I think this expression is correct. I worked it by computing potentials from the electric fields in the various regions, and unless I missed something, I got an identical answer. I looked over most of your solution, and it looks right to me. I haven't yet gone over it real meticulously.

You don't think the outermost shell is relevant?

 

[Charles Link]

You don't think the outermost shell is relevant?

Thank you @haruspex . I think you may be right. I ignored it in my solution, and my result may be in error. The computation of the surface charges on the outer shell is straightforward, and yes, they will affect the result.

 

[alan123hk]

In the original exercise, the values are qB=4.0μC,R1=10cm,R2=20cmqB=4.0μC,R1=10cm,R2=20cmq_{B}=4.0\mu C, R_{1}=10 cm, R_{2}=20 cm and R3=40cmR3=40cmR_{3}=40 cm, that would result in qA=−4/3μCqA=−4/3μCq_{A}=-4/3 \mu C. Do you think this reasoning makes sense?

I think that if the outermost shell is not grounded, the answer should depend on R1, R2, R3, R4, and R5; on the other hand, if the outermost shell is grounded, the answer should only depend on R1, R2, R3, and R4.

The charge on shell B will be redistributed on its inner and outer surfaces, and their ratio should be related to R1, R2, R3, R4 ...

Imagine that if the outermost shell is not grounded and R4 is very close to R3, then almost all the charge should be distributed on the outer surface of shell B, because the capacitance of R3-R4 is much larger than that of R2-R1.

 

[haruspex]

I think that if the outermost shell is not grounded, the answer should depend on R1, R2, R3, R4, and R5; on the other hand, if the outermost shell is grounded, the answer should only depend on R1, R2, R3, and R4.

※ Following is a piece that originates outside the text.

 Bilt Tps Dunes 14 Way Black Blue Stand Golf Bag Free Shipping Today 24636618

The charge on shell B will be redistributed on its inner and outer surfaces, and their ratio should be related to R1, R2, R3, R4 ...

Imagine that if the outermost shell is not grounded and R4 is very close to R3, then almost all the charge should be distributed on the outer surface of shell B, because the capacitance of R3-R4 is much larger than that of R2-R1.

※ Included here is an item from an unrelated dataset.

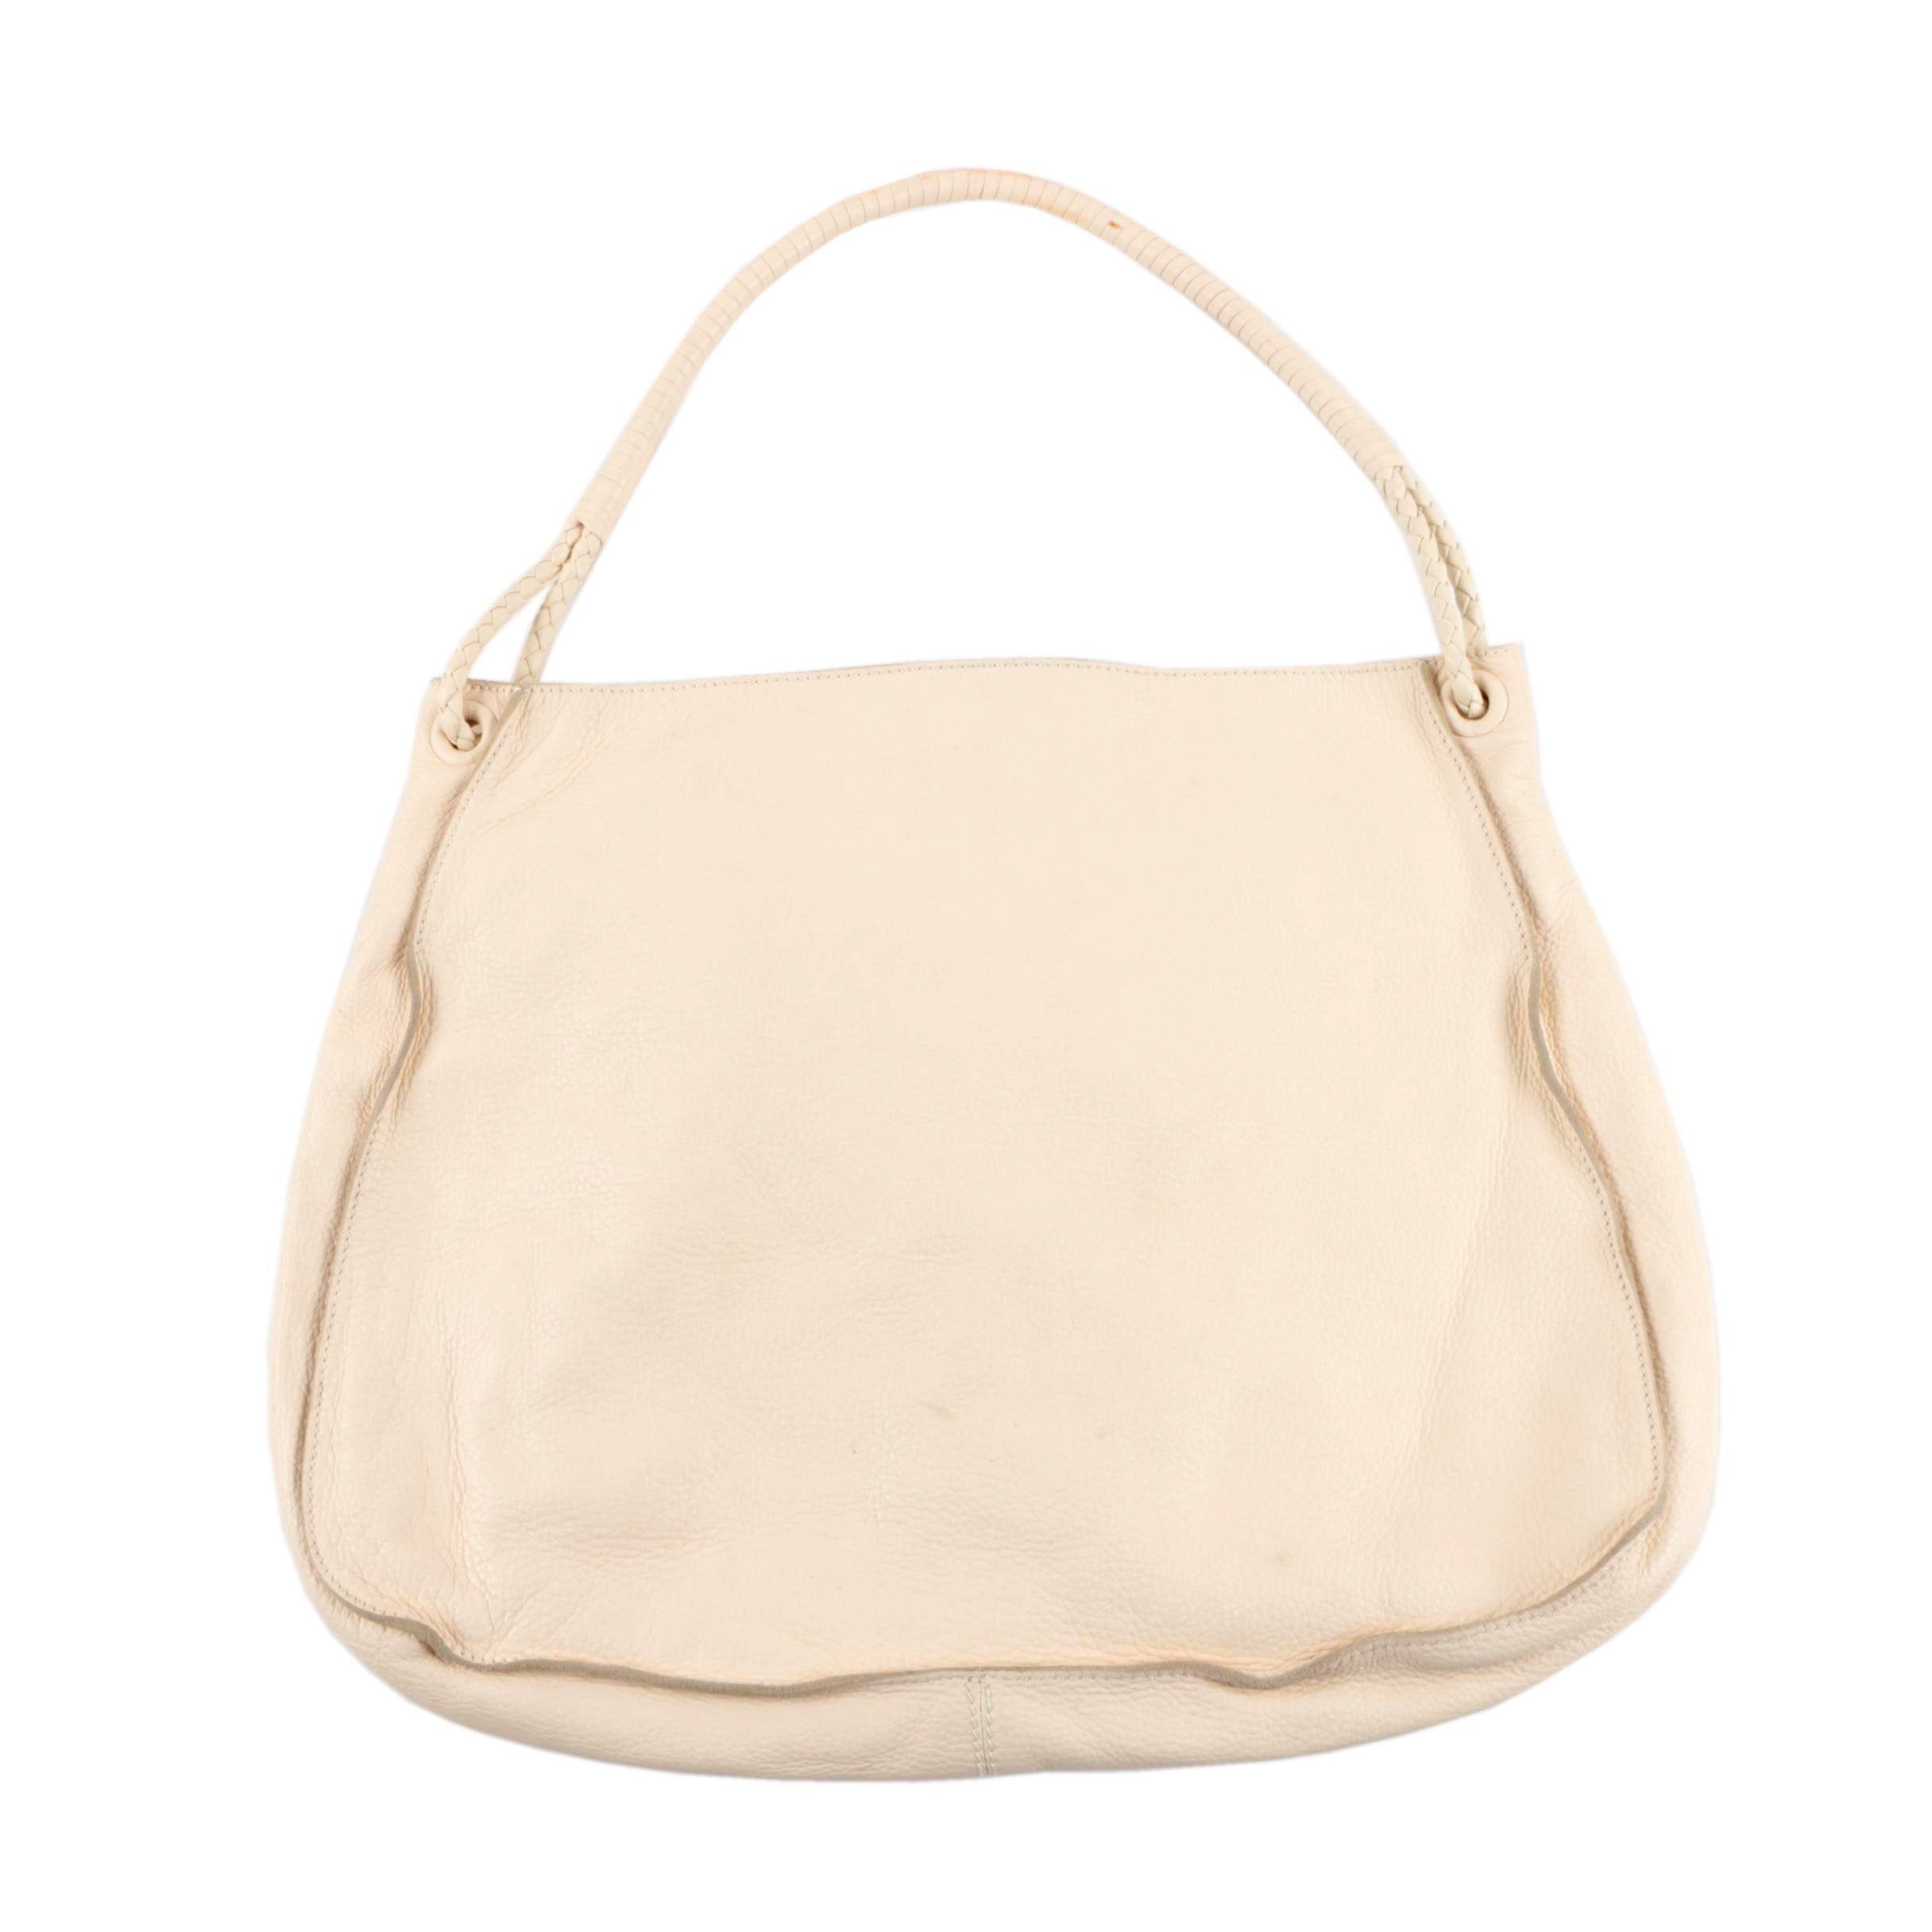 Bottega Veneta Grained Leather Handbag

Perhaps, but is all that borne out by equations?

 

[Charles Link]

Perhaps, but how about some equations?

Hopefully the OP returns and shows us what he came up with.

 

[haruspex]

Hopefully the OP returns and shows us what he came up with.

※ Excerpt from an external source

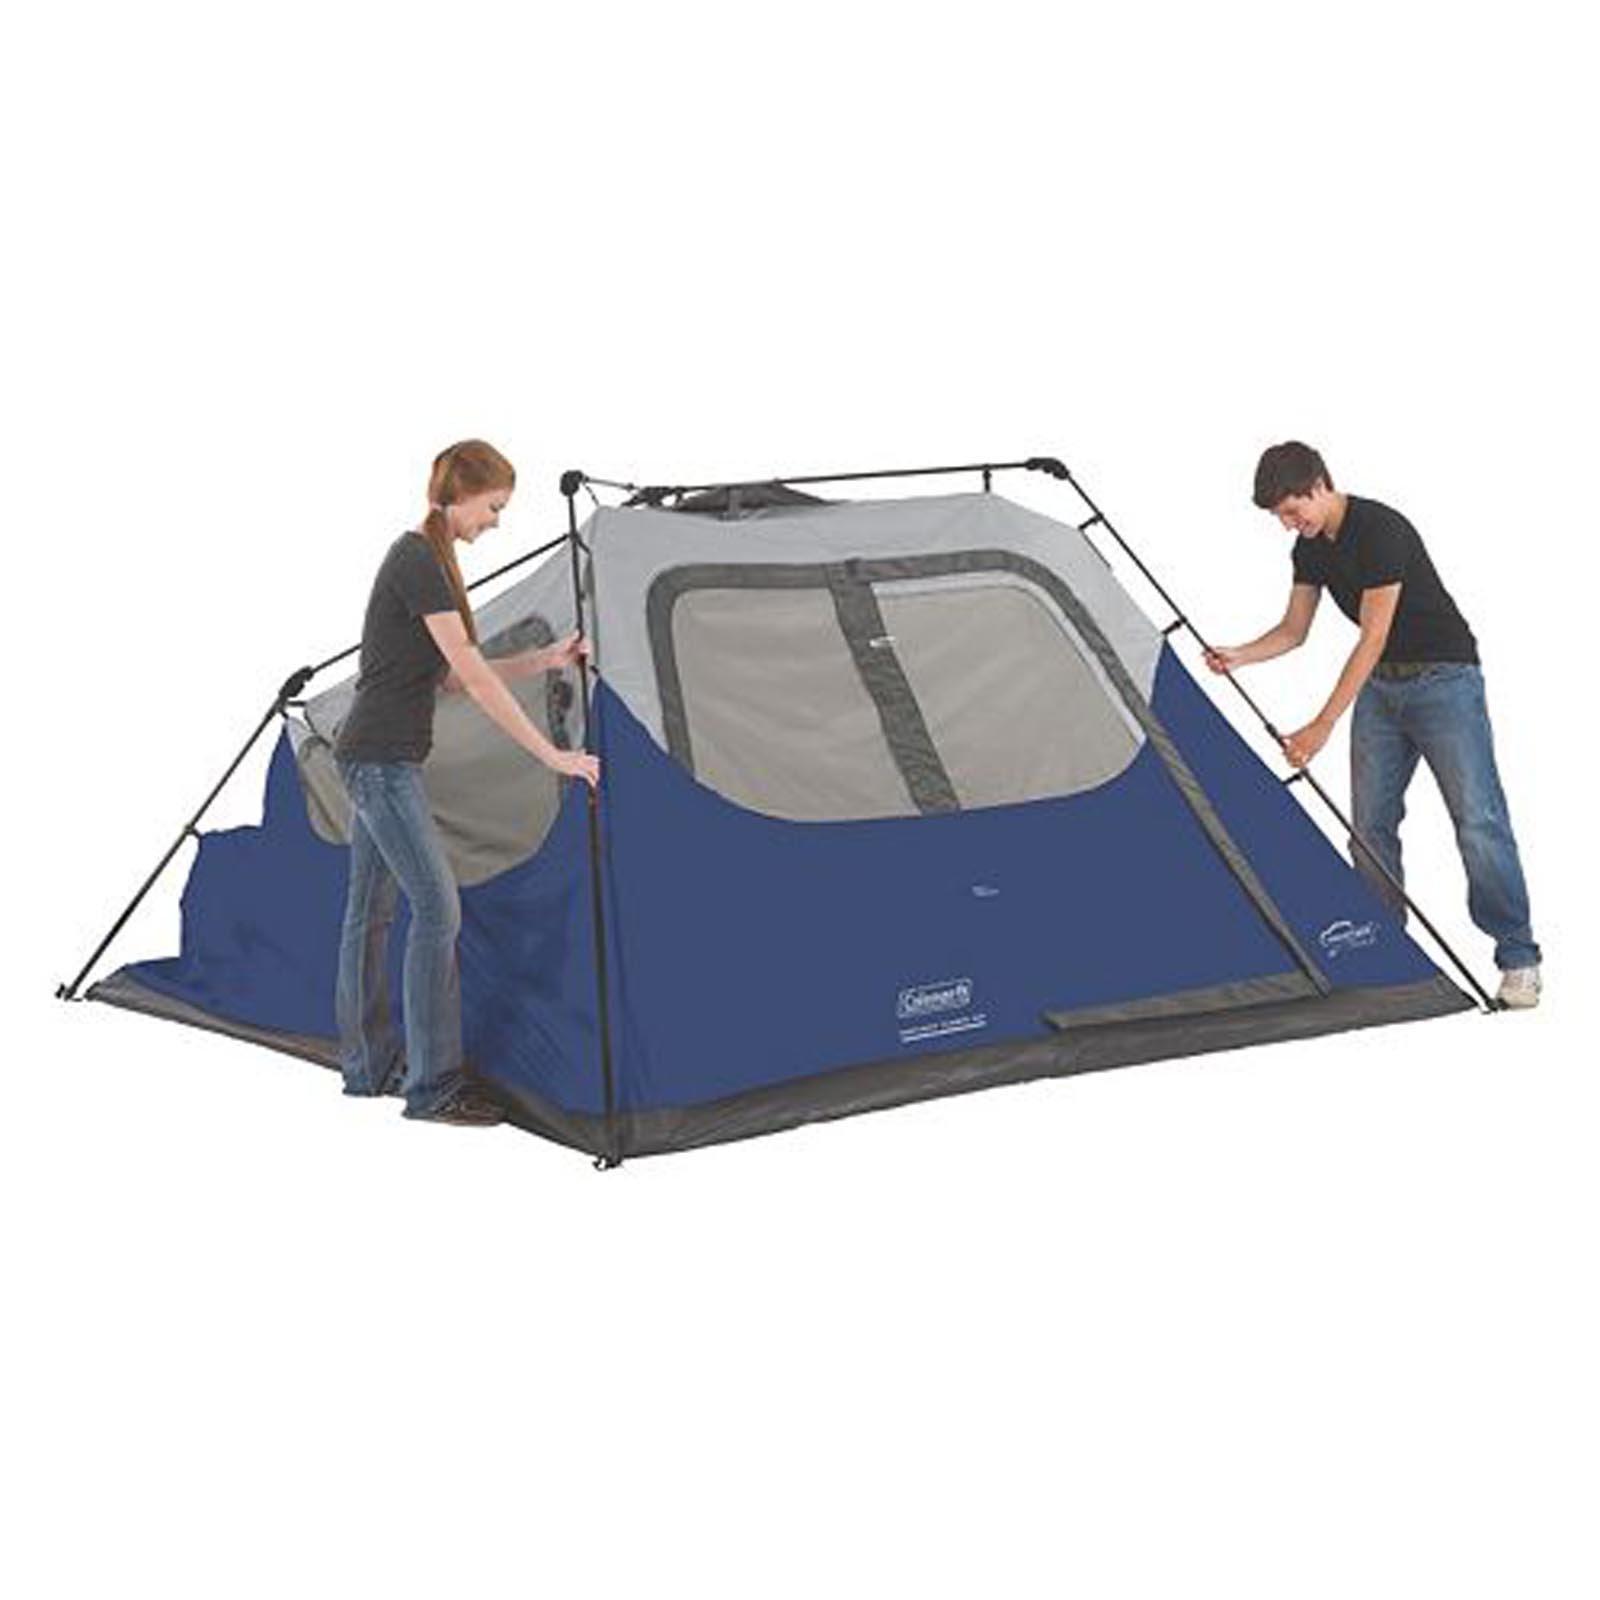 Coleman 6-Person Instant Tent Blue by Coleman (Image #5)

Thanks for the hint that I was not replying to the OP. Post edited.

 

[rude man]

I would start with $V_C$ and work my way towards $V_A$, integrarung E fields along the way, yielding $q_A$.

 

[alan123hk]

Perhaps, but is all that borne out by equations?

I think from an engineering perspective, the easiest way to solve this problem is to use the concept of capacitance.

By applying Gauss's law to a charged conductive sphere, the capacitance between the spheres can be obtained effortlessly.

http://hyperphysics.phy-astr.gsu.edu/hbase/electric/capsph.html

Assuming that the outermost shell C is grounded, since the sphere A is also grounded, the entire structure can be regarded as two capacitors C_cb and C_ba connected in parallel.

C_cb also represents the capacitance between outermost shell C and shell B
C_ba also represents the capacitance between shell B and sphere A

Thus the equations are : -

V_b C_cb = Q_{b(outer surface)}
V_b C_ba = Q_{b(inner surface)}
Q_b = Q_{b(outer surface)} + Q_{b(inner surface)}

C_cb, C_ba and Q_b are known
V_b, Q_{b(outer surface)} and Q_{b(inner surface)} are unknown

For the case where the outermost shell C is not grounded, we can solve the problem in a similar manner.

 

[rude man]

V_b C_cb = Q_{b(outer surface)}

I think $(V_B - V_C)C_{cb} = Q_{b~ outer~ surface}$

 

[alan123hk]

I think $(V_B - V_C)C_{cb} = Q_{b~ outer~ surface}$

Yes, the general form should be (V_b−V_c)C_cb=Q_{b(outer surface)}

Questions in the original post
a) The induced charges on the surfaces of the sphere A and the shells B and C.
b) The new charge of the sphere A after the shell C becomes grounded.

I just assume V_c=0 to fulfill the condition of question b), also Q_a should be equal to -Q_{b(inner surface)}.

By applying the general form (V_b−V_c)C_cb=Q_{b(outer surface)}, we can solve a similar system of equations for any voltage of V_c.